Friday, March 13, 2009

Douchebag of the Week

DBOTW: Drunk Mike


While in New York for work a couple of weeks ago, Wafer and I headed to The Watering Hole for dinner. We sat at the bar, eating our fried food, chatting with each other and discussing the basketball games that were on tv. We were having a lovely time. Until.

Toward the end of the evening, Drunk Mike stopped by. He greets us and proceeds to ask "Can I have some of your fries?" while reaching past us to grab a handful of fries. He shoves them in his mouth and starts chatting.

"Where are you from? OH! You're here for work? What kind of work? I work for Accenture.
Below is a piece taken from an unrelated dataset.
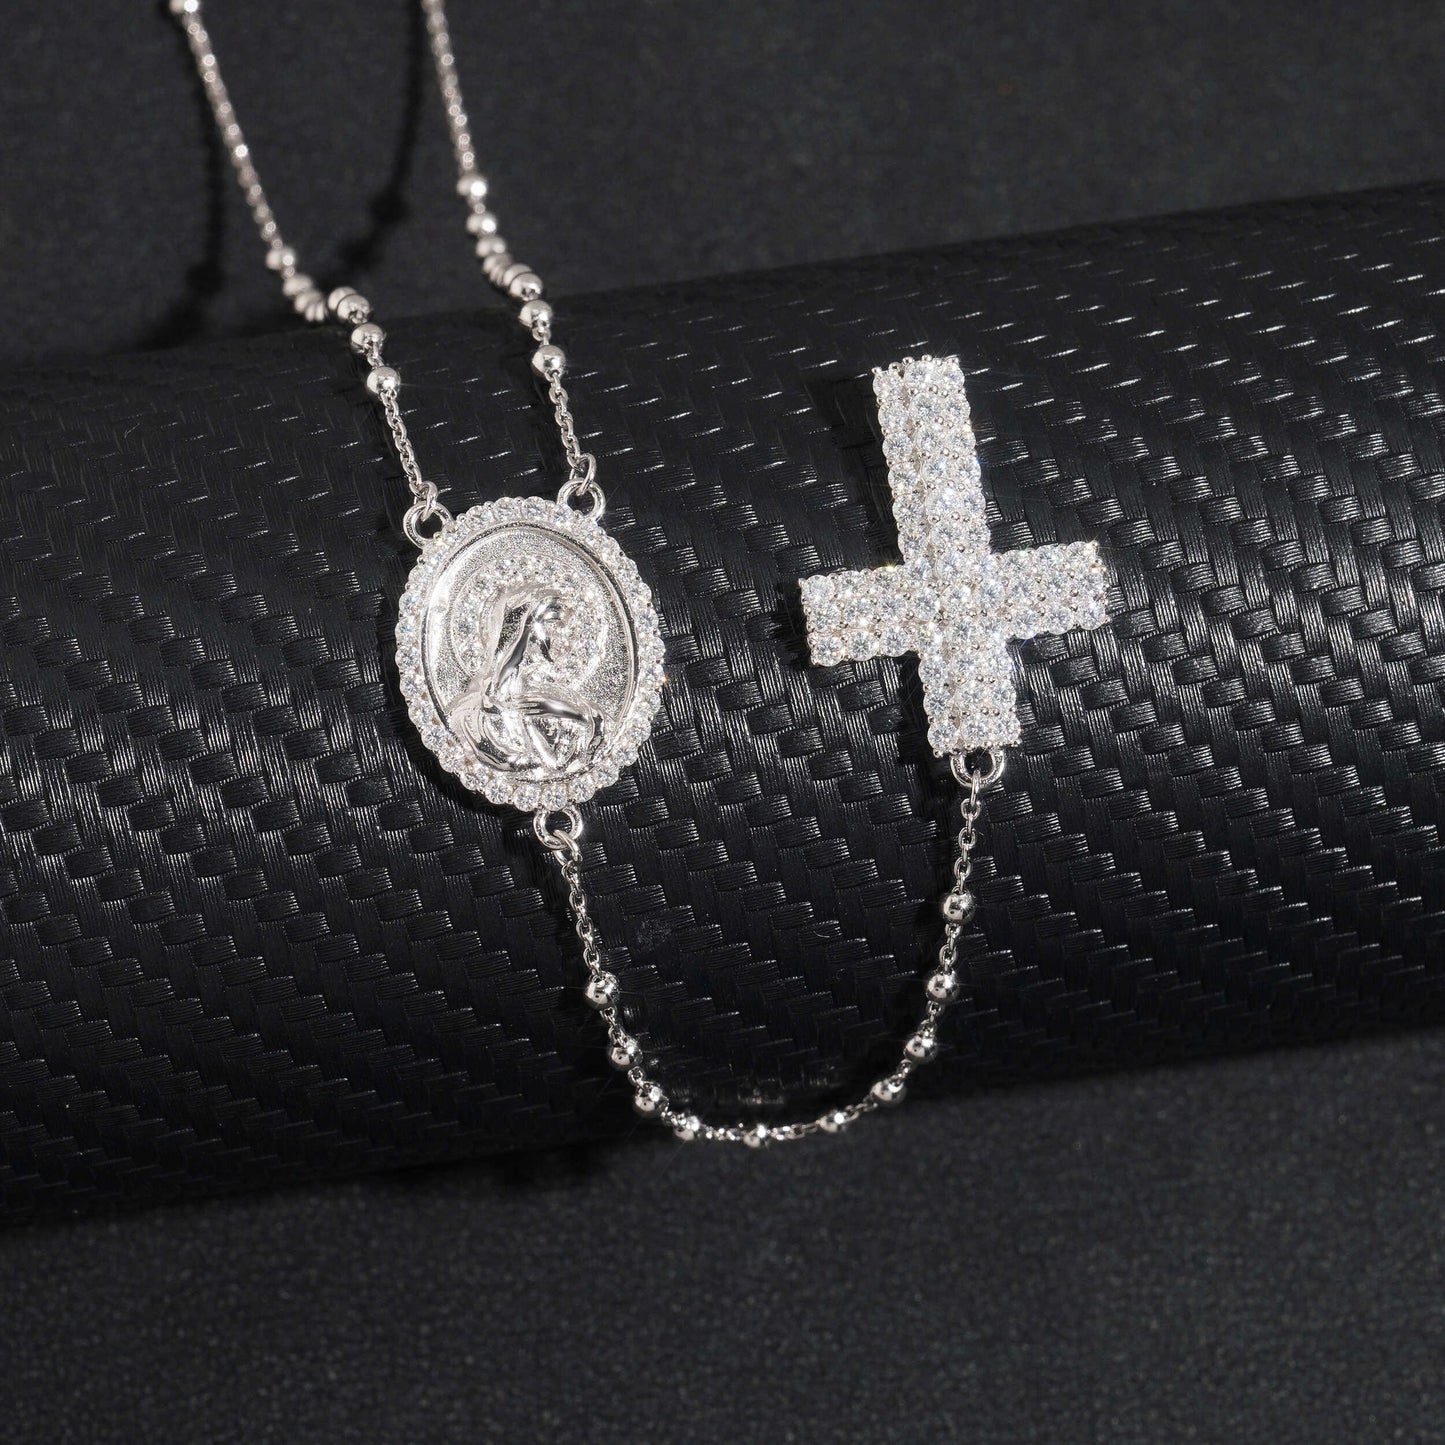 Custom made hip hop jewelry featuring a rosary cross necklace with Jesus, moissanite diamond, sterling silver 9252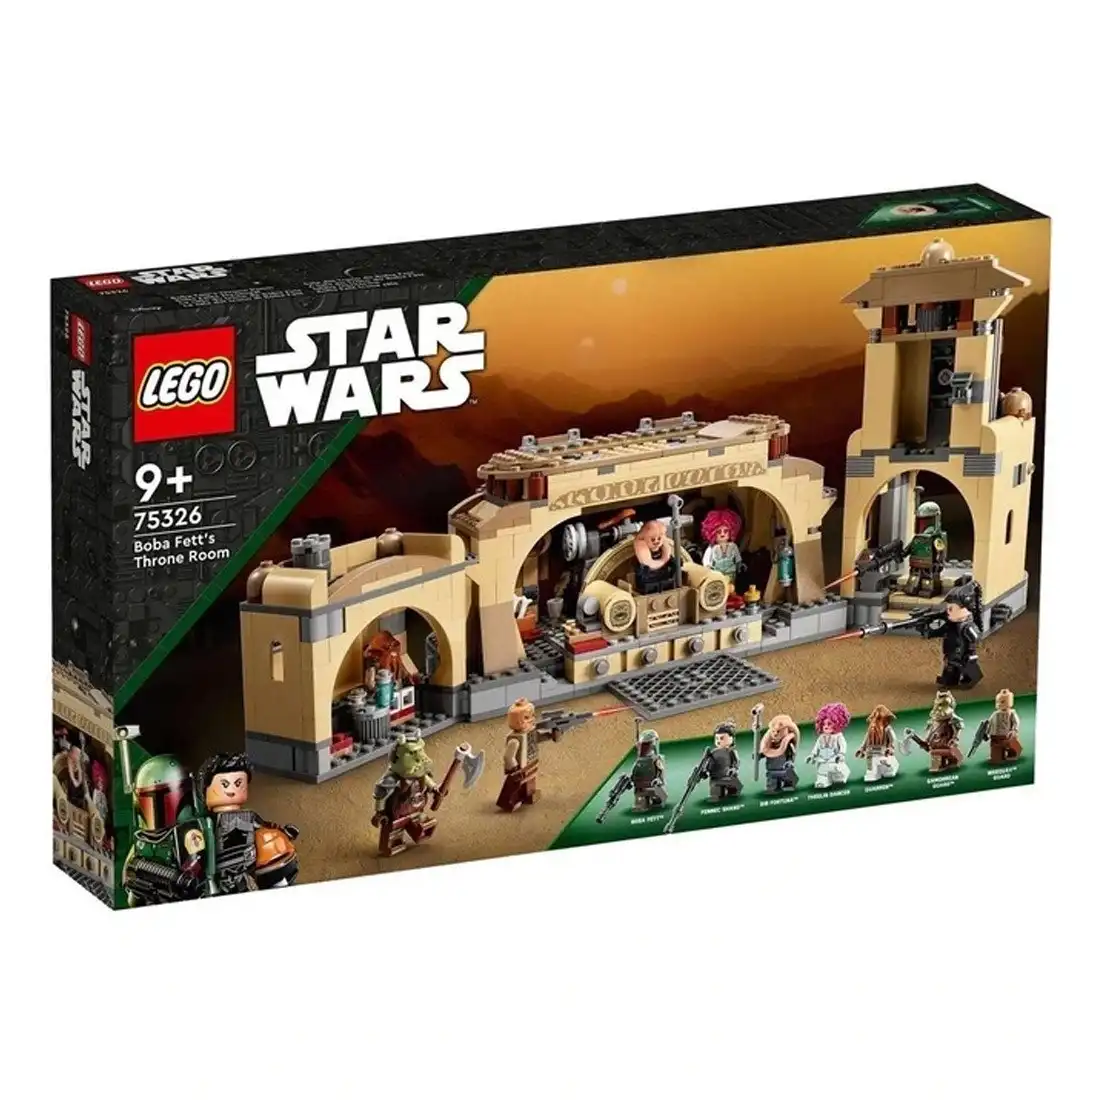 LEGO Star Wars Boba Fett's Throne Room Buildable Toy (75326)

Do you know what my company did today? You don't?!? Really?!? We announced a new thing with Tiger Woods. If you lived in New York, you'd know that. Yeah, I've been working for Accenture for 4 years. It's a great job."

At which point we interject: "we're heading out...early flight tomorrow...goodnight!" To which he responds:

"What time's your flight? Which airport? Are you taking a cab? If you are, you should pay cash. New York cab drivers like it when you pay cash. So do waiters. Even if you pay the bill with a credit card, you should tip in cash. What kind of ring is that? That's the wrong hand. Why aren't you married?"

(all the while, he continues eating our fries and we ask for the check...willing it to come faster is not working)

I tell him I'm not old enough to be married and that maybe someday I will be.

"How old are you? Guess how old I am? I'm 30. Turning 31 next month. Don't I look good for 31? I don't have any grey hair at all yet."

Finally, the check arrives, we don our coats and tell Drunk Mike we're leaving. He keeps hovering around our stools eating the remainder of our fries while we skip happily out the door.

So, congratulations Drunk Mike. Your ever-running mouth, filled with our french fries, earns you the honor of DBOTW.

1 comment:

Anonymous said...

There is a lesson here for current and future Drunk!Mikes of the world (and you know who you are)- you are not as attractive as you think are and even less so when you drunk.

I totally forgot about the cab comment- ugh.